Add new words with strict logical definitions

A "boolean" value is a logical construct that is either true or false. Named after George Boole, who first defined an algebraic system of logic in the mid 19th century. https://en.wikipedia.org/wiki/Boolean_data_type

Repurpose existing words to have strict logical definitions in a certain context.

The word "true" in common English can mean a number of things e.g. "He's no true Englishman!" or "I promise I'll be true to you." But in a mathematical context, the word "true" can be defined as "one of the two possible states of a boolean variable".

Language is context sensitive

Because language is context sensitive, it's possible for me to understand that The value of 𝒙 is true is a strictly logical statement. But "He's no true Englishman" is not a strictly logical statement.

Maybe I don't understand the depth of the question, maybe if you're questioning logic being representable with language, then no sequence of words within a language could even theoretically provide an answer for you. But is a question that can't even theoretically be answered even worth asking?

Answer 3

Perhaps the "boundary" between natural and constructed languages is vague. The whole idea of precisifying all terms and entangled concepts sounds admirable from the outside, but looked at from within (in the attempt at further and further precision),

[e.g.] Frege’s ideal of precision is itself vague because ‘precise’ is the complement of ‘vague’. Second, the vagueness of ‘vague’ dooms efforts to avoid a sharp line between true and false with a buffer zone that is neither true nor false. If the line is not drawn between the true and the false, then it will be between the true and the intermediate state. Any finite number of intermediates just delays the inevitable.

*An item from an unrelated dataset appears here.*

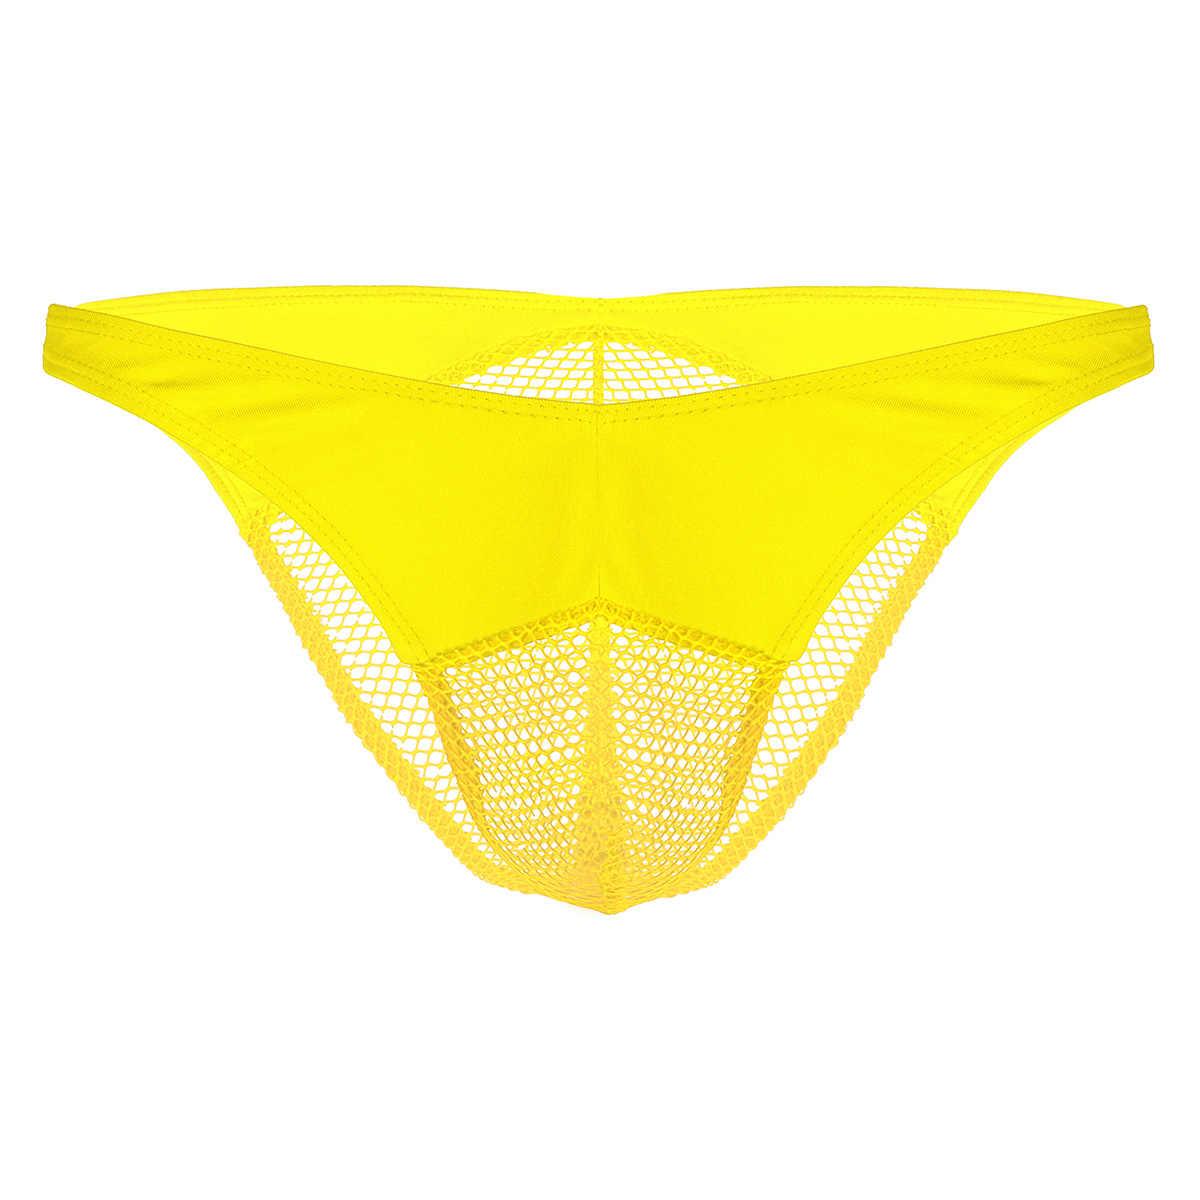 1ecc54096d53 ... 2019 Mens Sexy Thong Bikini Briefs Swimwear Men Panties Bottoms Sissy  Gay Lingerie Fishnet Pouch Thongs ...

Since the quoted paragraph qualifies the local problematique as a function from a "finite number" of intermediaries, one is tempted to ask after infinite-valued logics. However, if we have to cycle through infinitely many degrees of truth, one wonders if we have lost track of our desire for precision again.

In the other direction, though, then: syntactic options in so-called formal logics are quite lacking, compared to in the so-called natural case. For example, semiotic offsetting is handled primarily in the former cases by parentheses, whereas in English (say) there are also commas, colons, semicolons, n-place quotation marks, em dashes, and different flavors of parentheses. Now set theory, to be fair, features many of those, too, and yet is often construed as formalization par excellence, yet just the same, by now we recognize how much creativity there is in mathematics, especially on the "foundational" level, so we have found space to reintroduce a lot of syntactic differentiation as such. (C.f. programming languages for software.)

So rather than style natural language as less formal than what is said to be formal language, perhaps it's time to recognize that natural language is (or, better, can be) just as formal on its own terms, too. Someone who can follow the train of a natural-language argument quite strictly is perhaps more adept at reasoning than someone who has to have everything distilled into less intricate strings of symbols with "easy" (convenient) rules for deriving new strings from those just given.

Answer 4

Wittgenstein claimed language is not rational (“logical”) because there is no way to state all types of sentences.

Searle apposes this point with a comparison to animals; there are stuffed animals, large animals, animals with no beak, mammals, reptiles, and countless other possible types, yet we can taxonomize them. This means there are restrictions to animals. Sentences (language) have this property too according to Searle. So even without “rationality”, we can make sense of countless uses of language.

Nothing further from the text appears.